L’année 2019 sera marquée par la rédaction du prochain projet stratégique et aussi par la réflexion menée actuellement au niveau national sur la gouvernance du port. Si la présidence du directoire a été repris par Olivier Trétout en remplacement de Jean-Pierre Chalus, parti à l’Union des ports de France, Francis Bertolotti a été confirmé pour une période intérimaire de six mois comme président du conseil de surveillance. Quant à rester port d’État ou passer sous le giron régional, Francis Bertolotti rappelle que la majorité des trafics du port ligérien sont à classer au rang de l’énergie ce qui en fait un établissement important pour l’État. « Même si nous avons un tropisme plus régional, Nantes Saint-Nazaire veut rester un grand port d’État, ce qui le qualifie par ses trafics énergétiques puisque ses terminaux permettent de sécuriser les approvisionnements du pays. Nous n’avons pas de crainte quant à un éventuel changement de statut. Il devrait être préservé de toute idée de réforme même s’il y a une implication plus forte de la région des Pays de la Loire, dont la présence reste à définir au sein du Conseil de surveillance ». Mais, pour Francis Bertolotti, l’essentiel n’est pas là : « Le port est une entreprise et ce devrait être sa seule vocation, même si elle est aussi un aménageur et peut être un service public.  Ce qu’il faut maintenant, c’est faire de Nantes Saint-Nazaire le port incontournable du Grand Ouest, jusqu’au val de Loire, et traiter le problème du cloisonnement des sites économiques et de la concurrence parfois inutile que se livrent les ports de la façade atlantique. Il faut faire le ménage et l’État a une responsabilité en la matière ».

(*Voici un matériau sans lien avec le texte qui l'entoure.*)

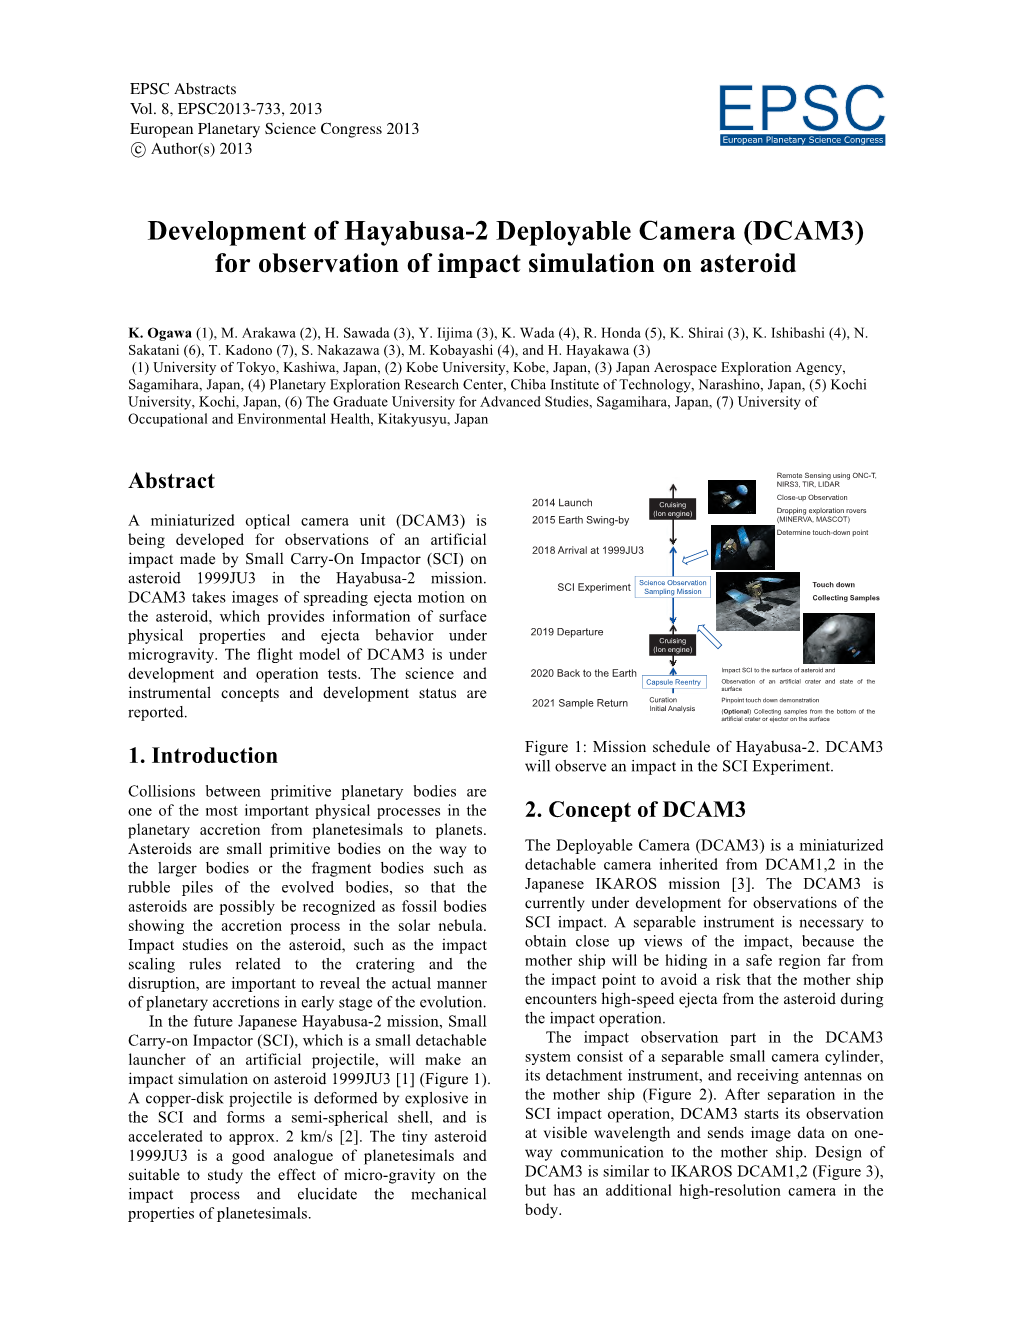 Development of Hayabusa-2 Deployable Camera (DCAM3) for Observation of Impact Simulation on Asteroid

L’avenir du port de l’estuaire de la Loire veut se faire pour devenir l’outil logistique du grand ouest. Dans cet esprit, le port, les opérateurs portuaires ont lancé l’initiative « Be My Port », une identité de promotion de la place portuaire nantaise. Son objectif : développer de nouveaux trafics autour des filières prioritaires du territoire, comme l’industrie et l’agroalimentaire. « Il s’agit de renforcer l’action commerciale en faisant la promotion de nos solutions et services de manière collective. À cet effet des actions sont conduites dans les zones internationales en croissance, notamment la Chine, qui constitue une ouverture importante sur les marchés agroalimentaire, en particulier le porc et le bœuf, qui sont des produits de notre hinterland. »

En plus de l’import, Be My Port a aussi pour vocation de soutenir le développement du trafic export en travaillant sur l’attractivité du port auprès des entreprises du Grand Ouest. Il s’agit de les inciter plus à privilégier Nantes Saint-Nazaire dans leur chaîne logistique internationale. « Entre autres exemples il y a dans la région de Cholet une importante activité manufacturière, mais les produits sont essentiellement exportés via Le Havre et les Pays-Bas qu’ils rejoignent en camions. Nous sommes pourtant très proches. Pour ce cas, et bien d’autres, il y a une logique à concentrer plus les marchandises de l’hinterland naturel et trouver des solutions pour les faire venir ici ».